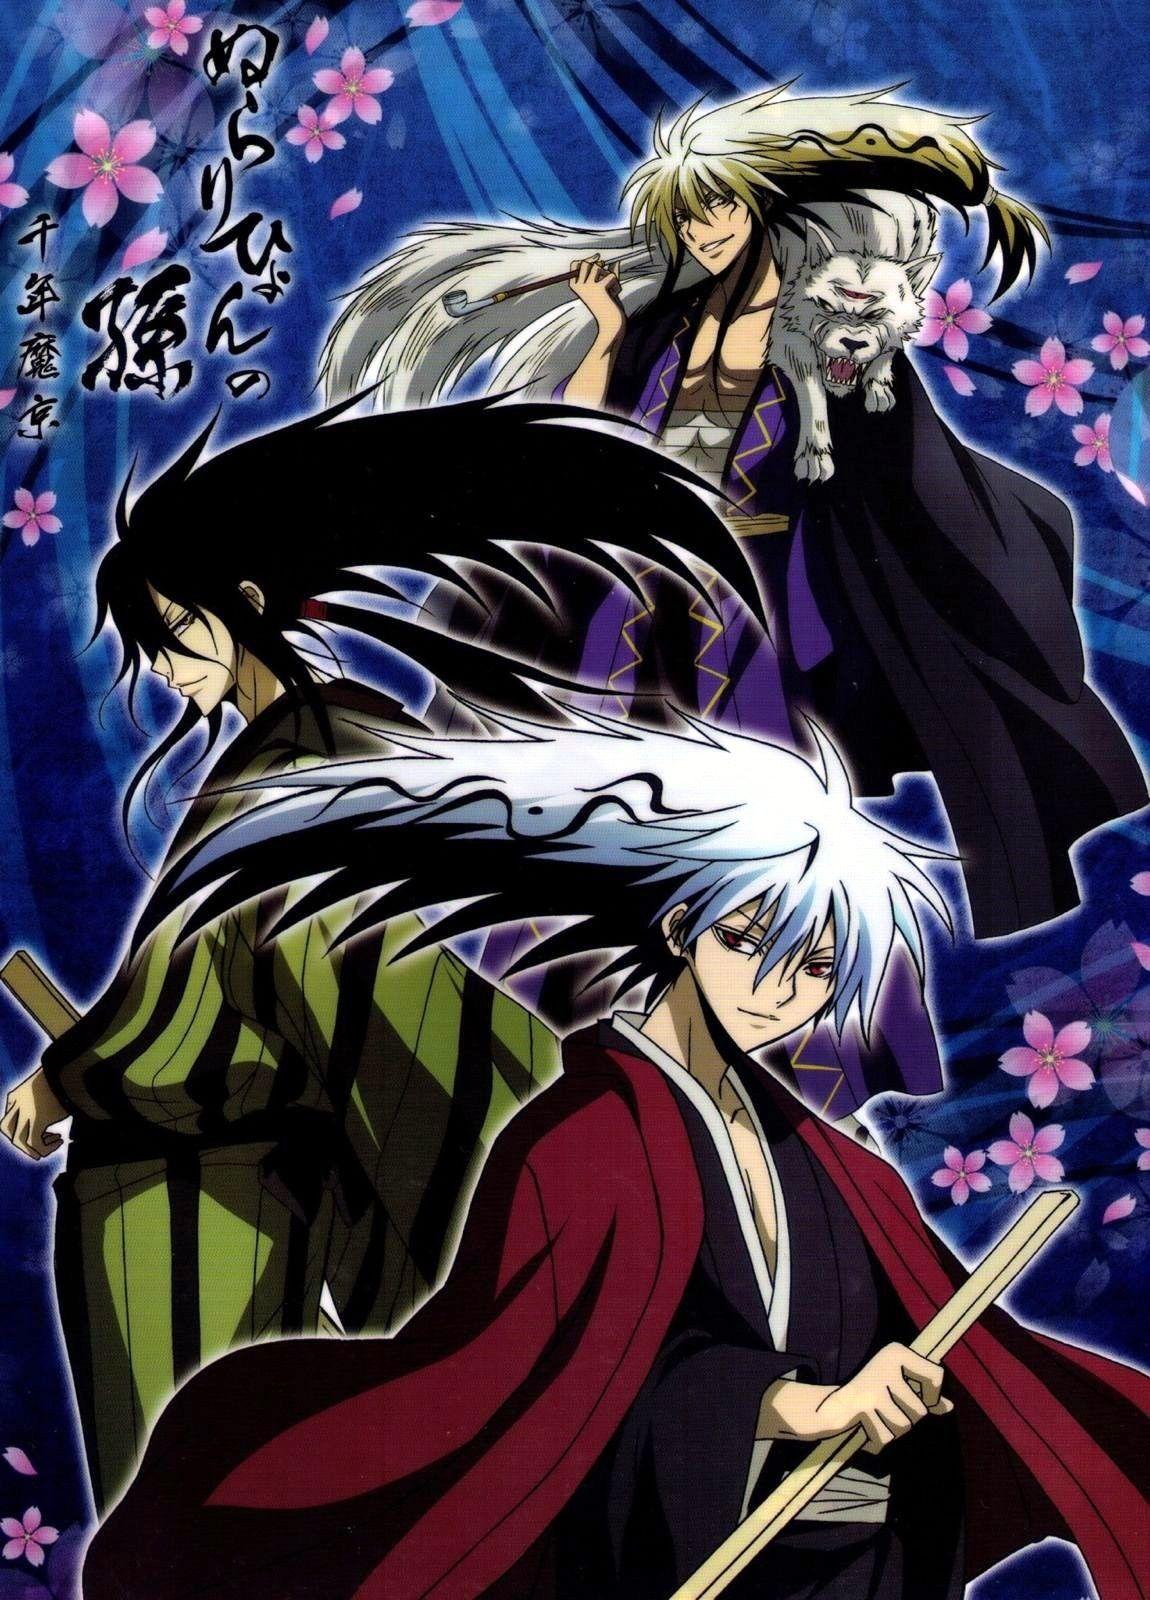 Nurarihyon no Mago Animes Pinterest Anime, Manga and
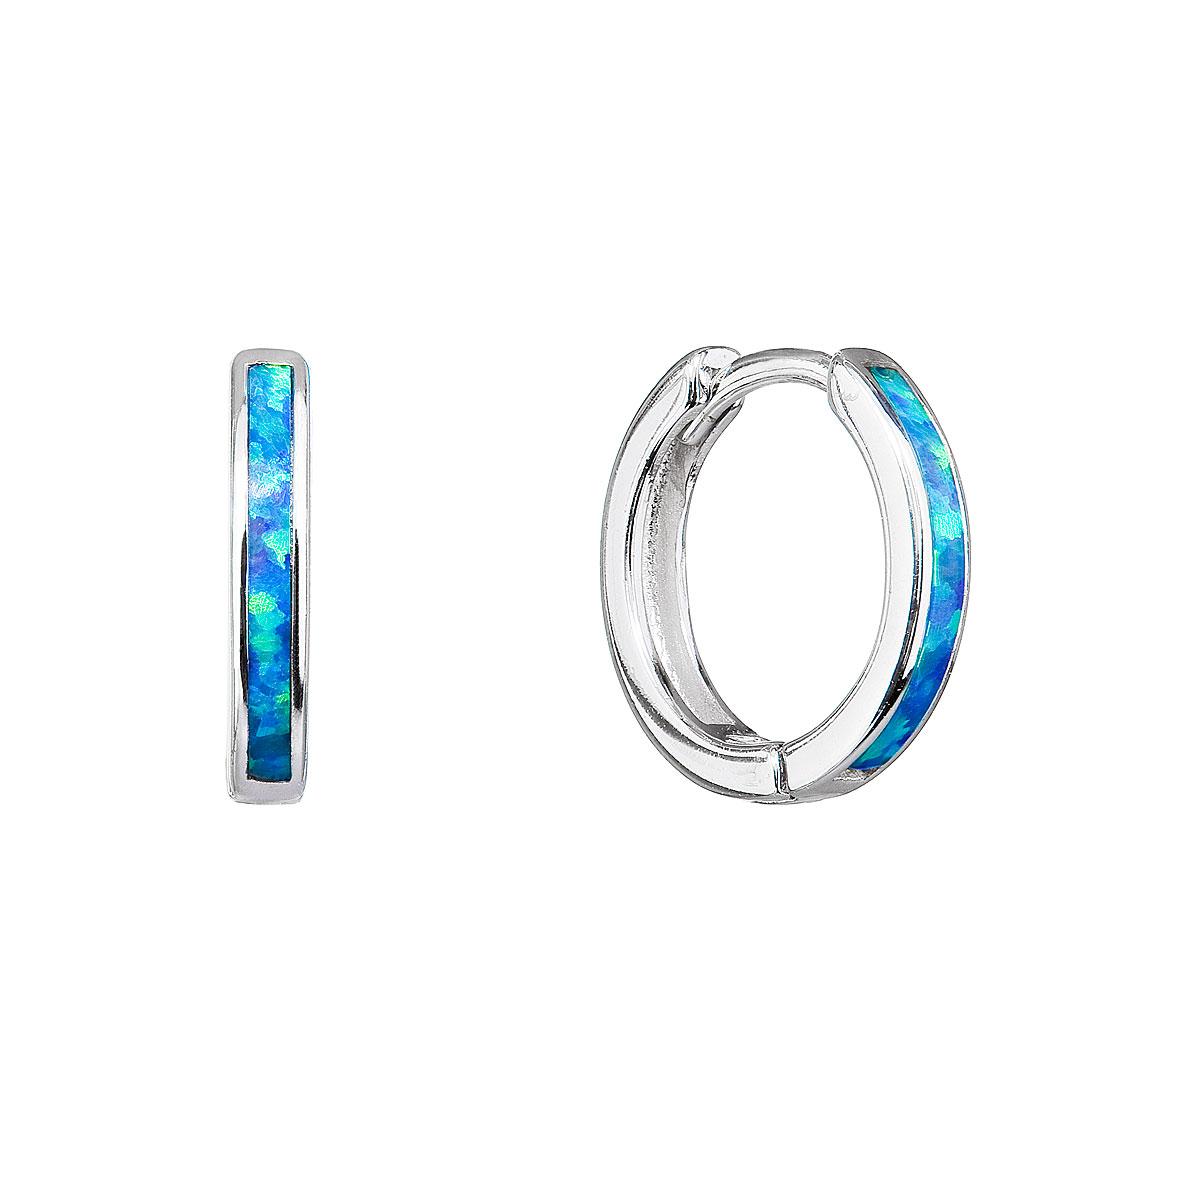 Strieborné náušnice kruhy so syntetickým opálom modré 11403.3
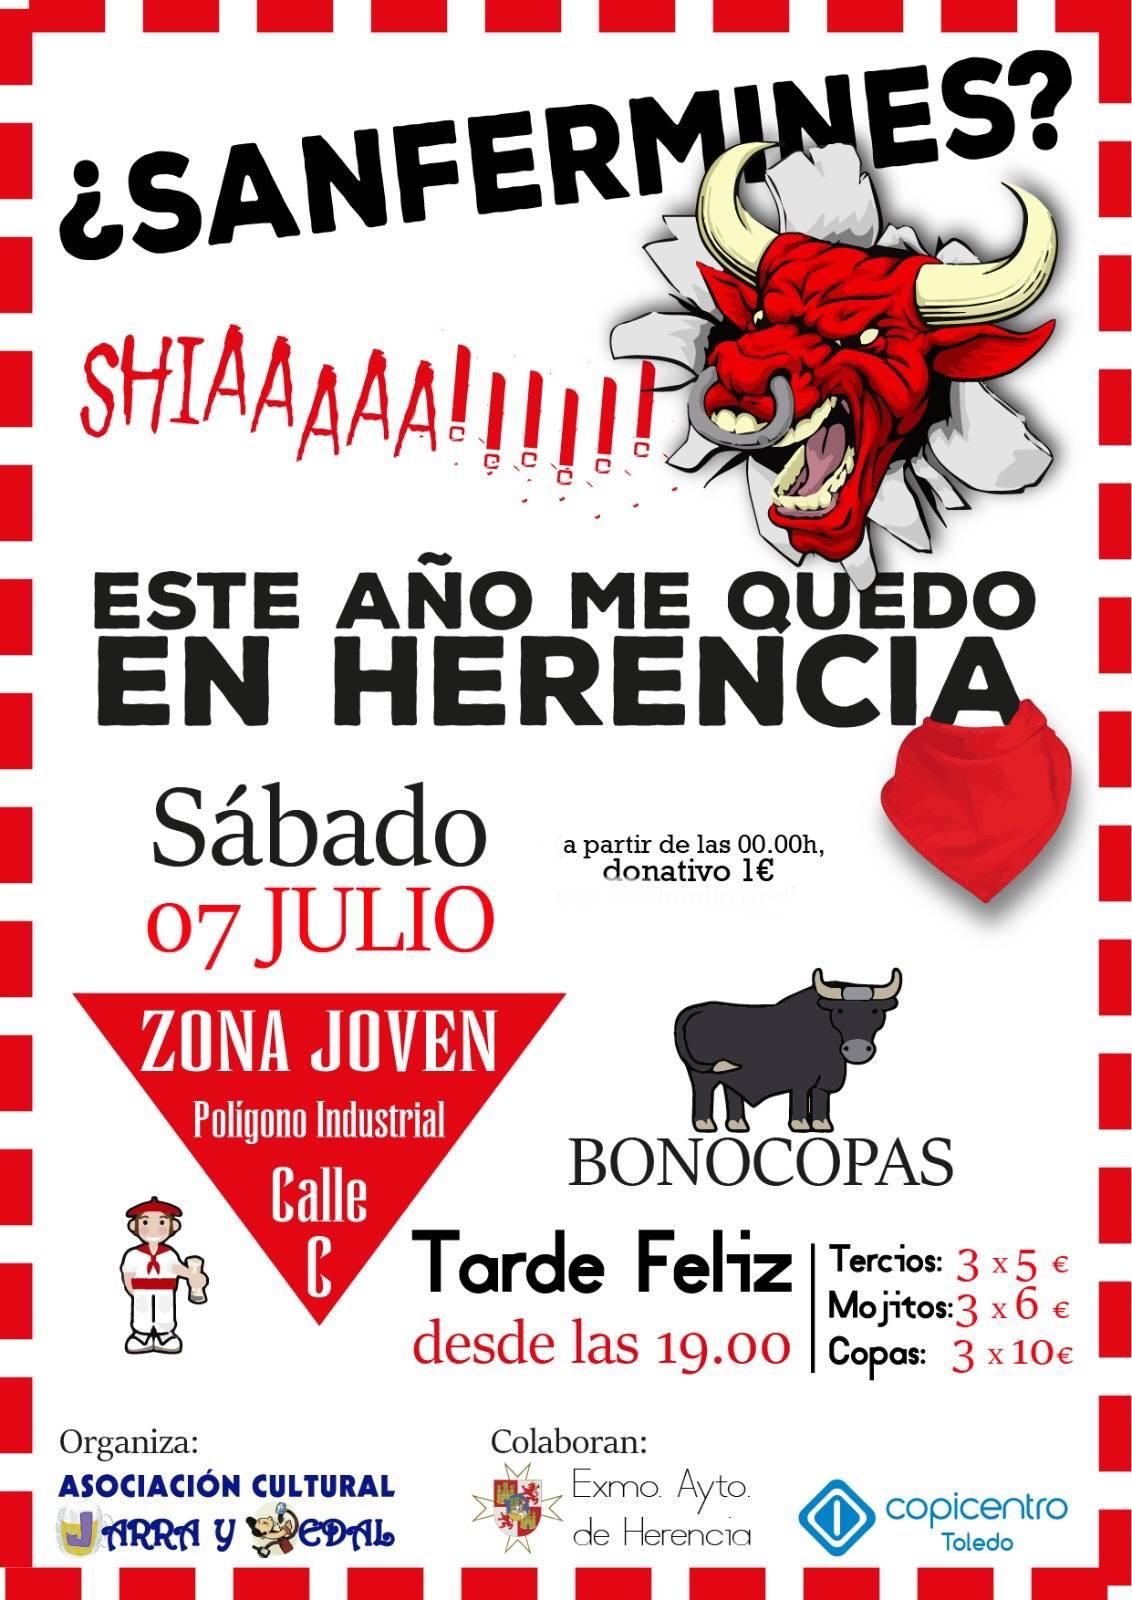 Fiesta de verano de la asociación Jarra y Pedal 3
● ● ● ●
## TASK INSTRUCTIONS
Give back the whole listing exactly as it stands. Drop every picture.

## RESULT
 Nurarihyon no Mago Animes Pinterest Anime, Manga and
 Strieborné náušnice kruhy so syntetickým opálom modré 11403.3
 Fiesta de verano de la asociación Jarra y Pedal 3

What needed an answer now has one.